- _WORK REQUEST_:
Copy out the full data exactly as given; pictures should not be included.

- _SUPPLIED MATERIAL_:
* * * *

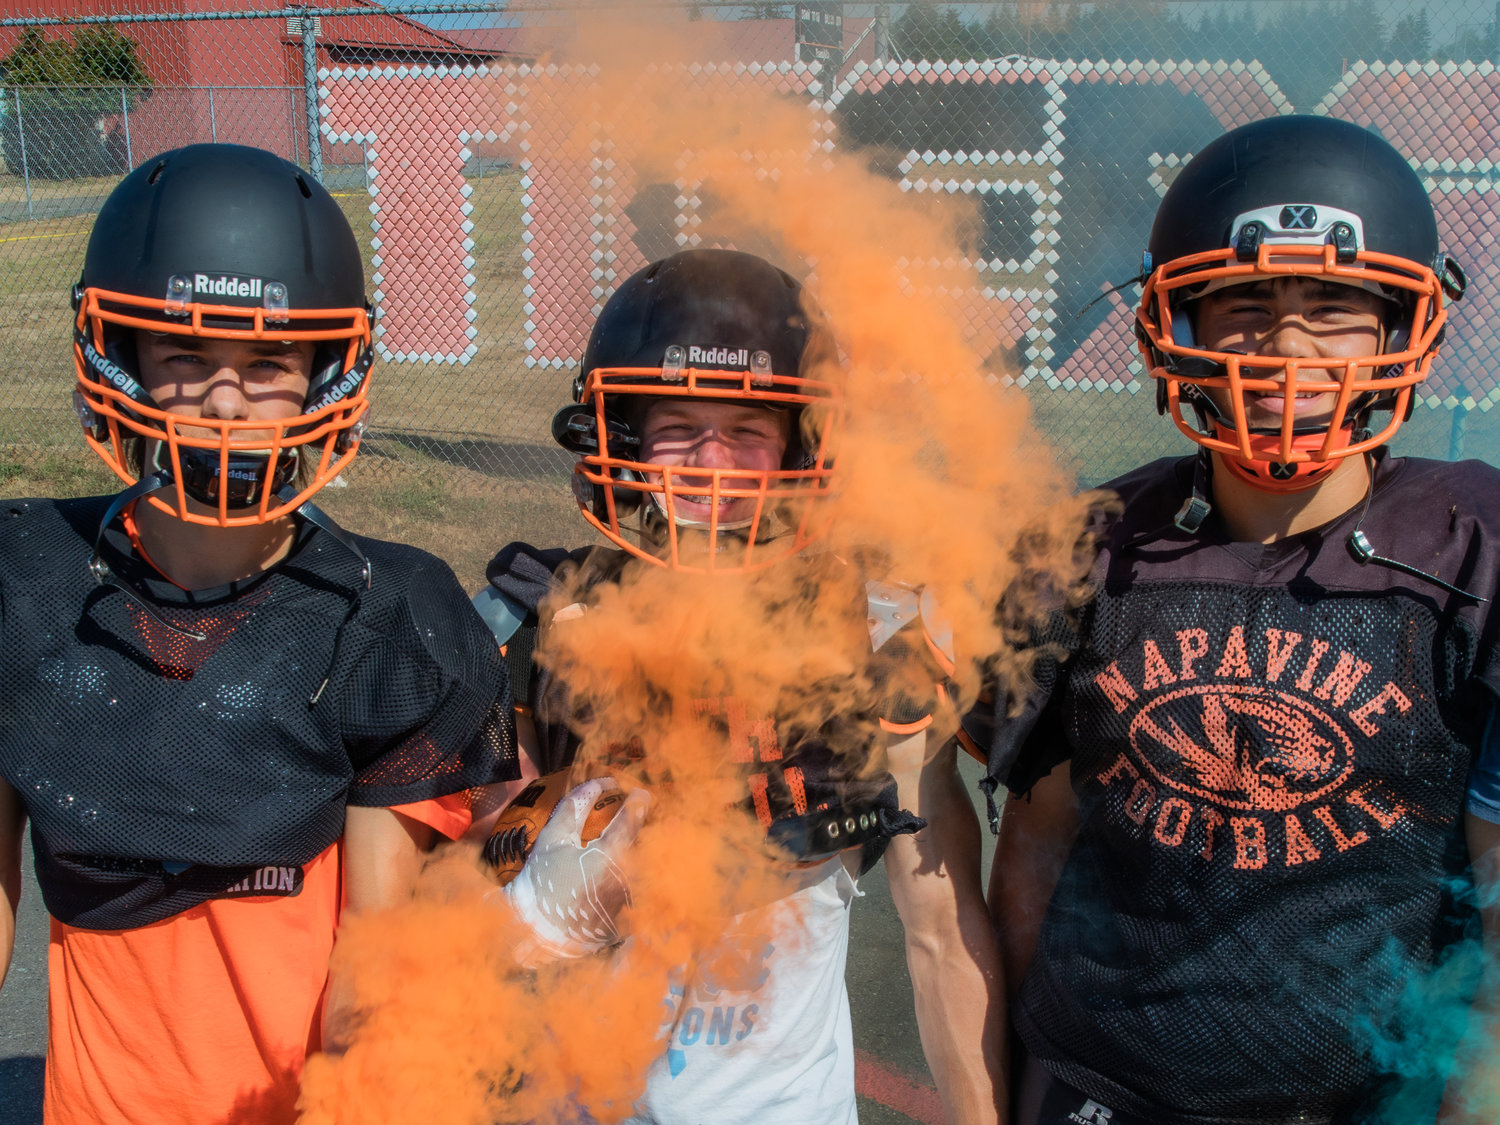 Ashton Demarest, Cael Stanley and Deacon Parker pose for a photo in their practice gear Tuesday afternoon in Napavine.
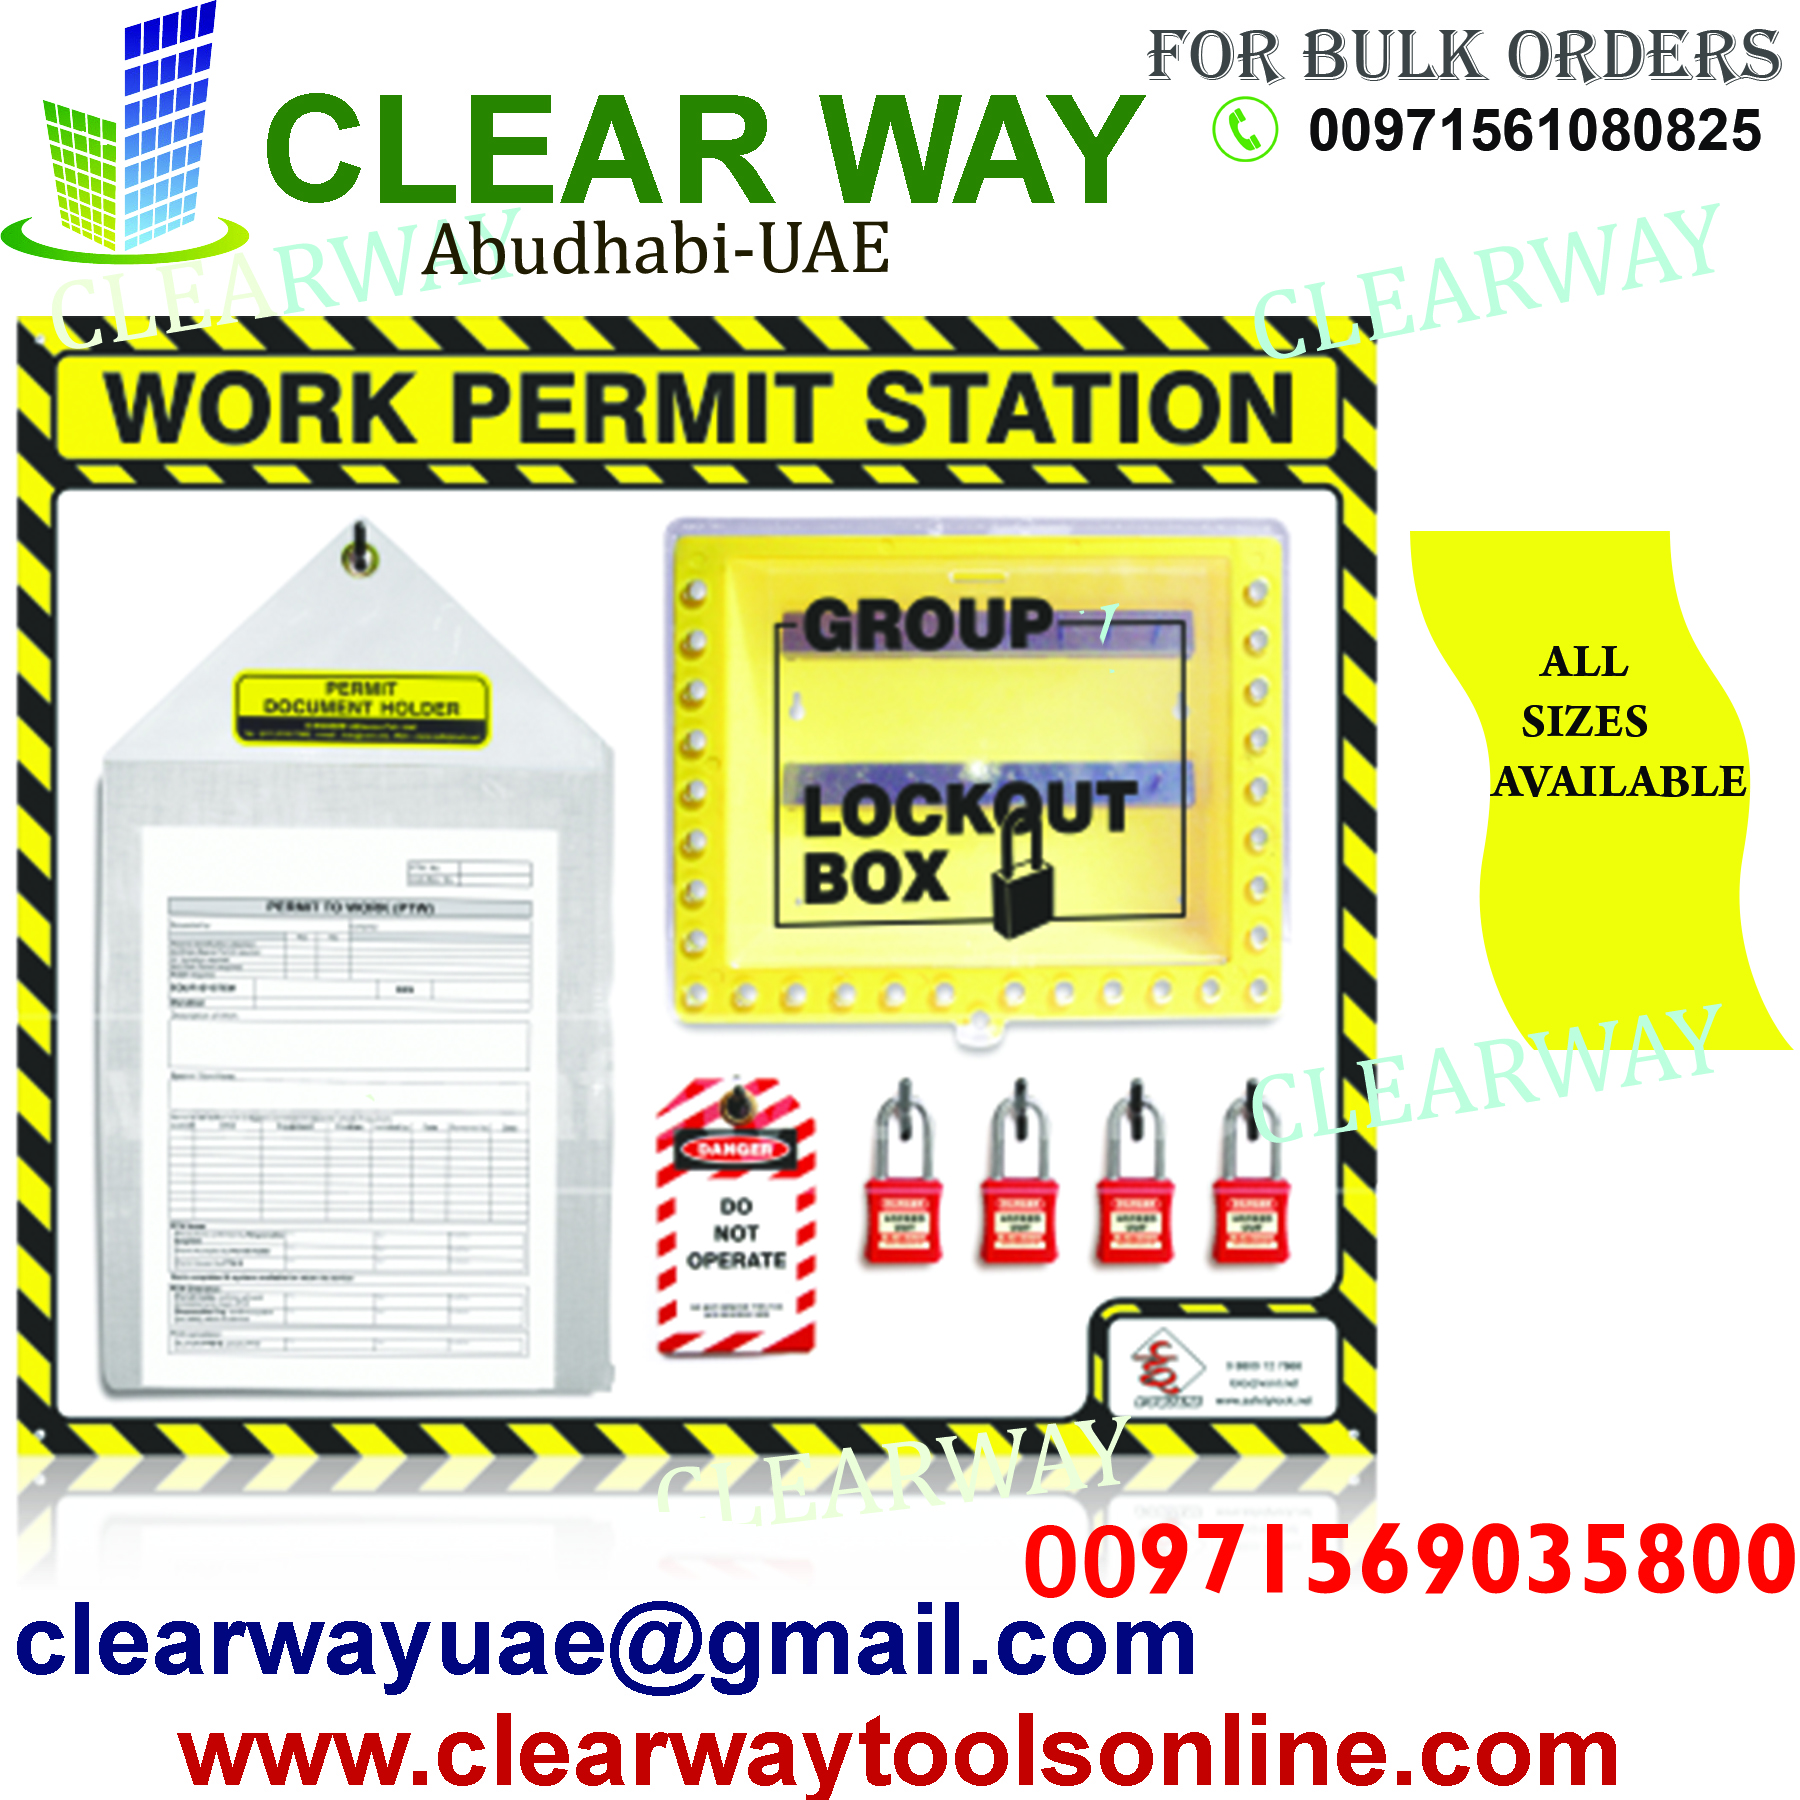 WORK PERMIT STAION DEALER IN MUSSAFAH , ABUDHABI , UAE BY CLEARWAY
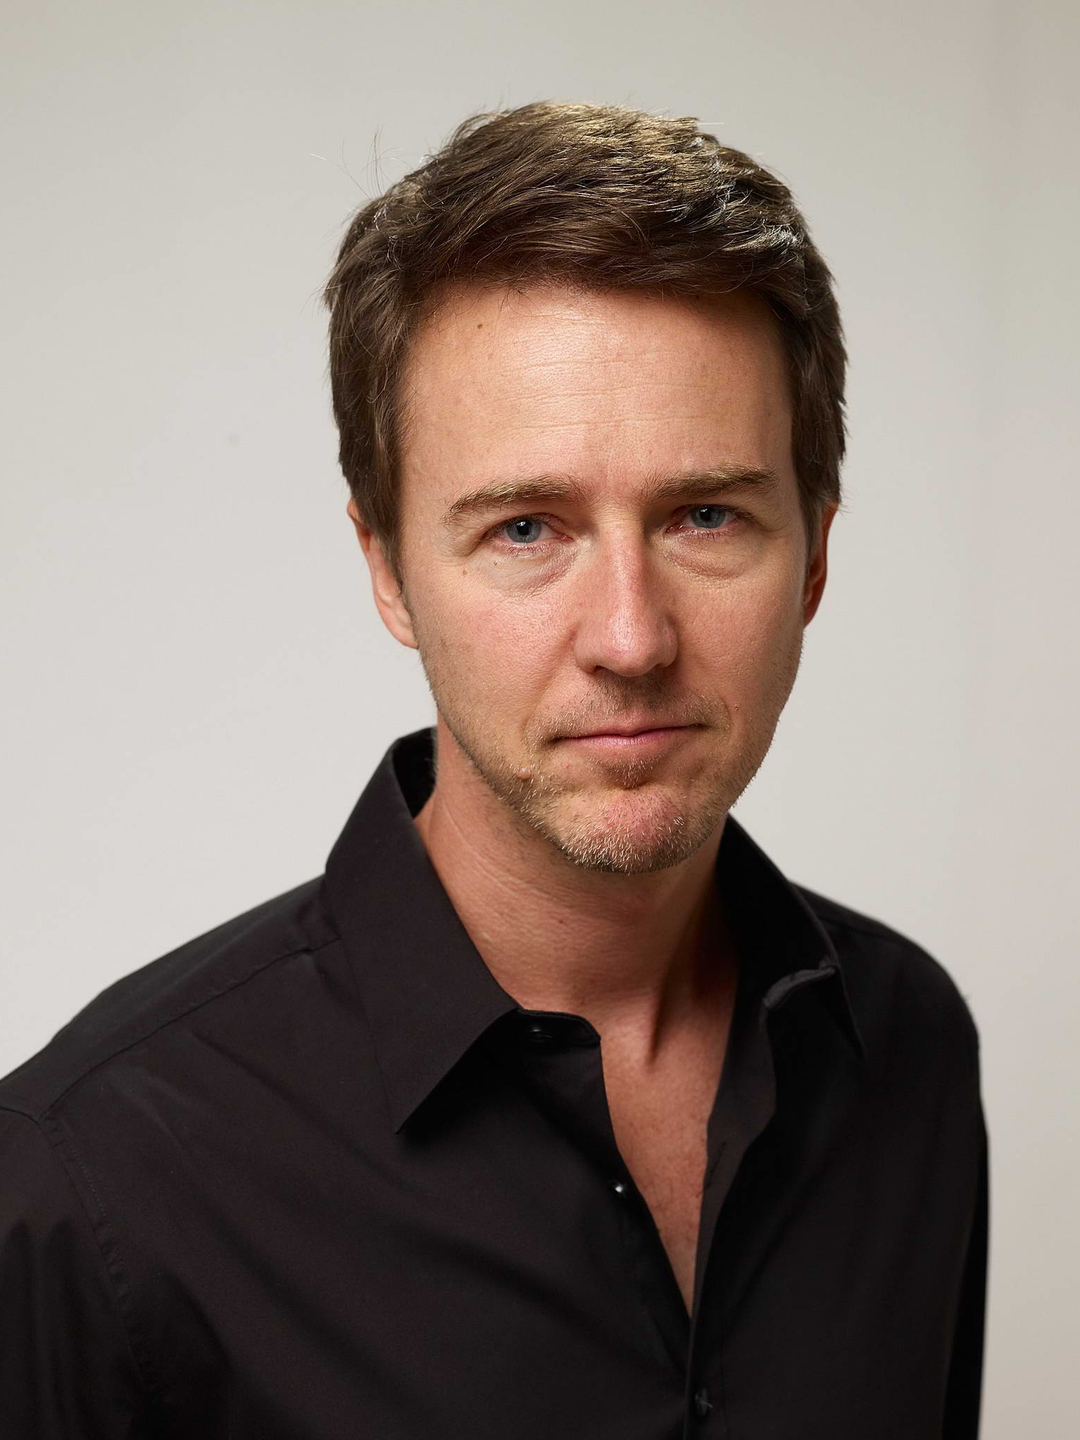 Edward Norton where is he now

* * * *

- _EXERCISE ANSWER_:
 Ashton Demarest, Cael Stanley and Deacon Parker pose for a photo in their practice gear Tuesday afternoon in Napavine.
 WORK PERMIT STAION DEALER IN MUSSAFAH , ABUDHABI , UAE BY CLEARWAY
 Edward Norton where is he now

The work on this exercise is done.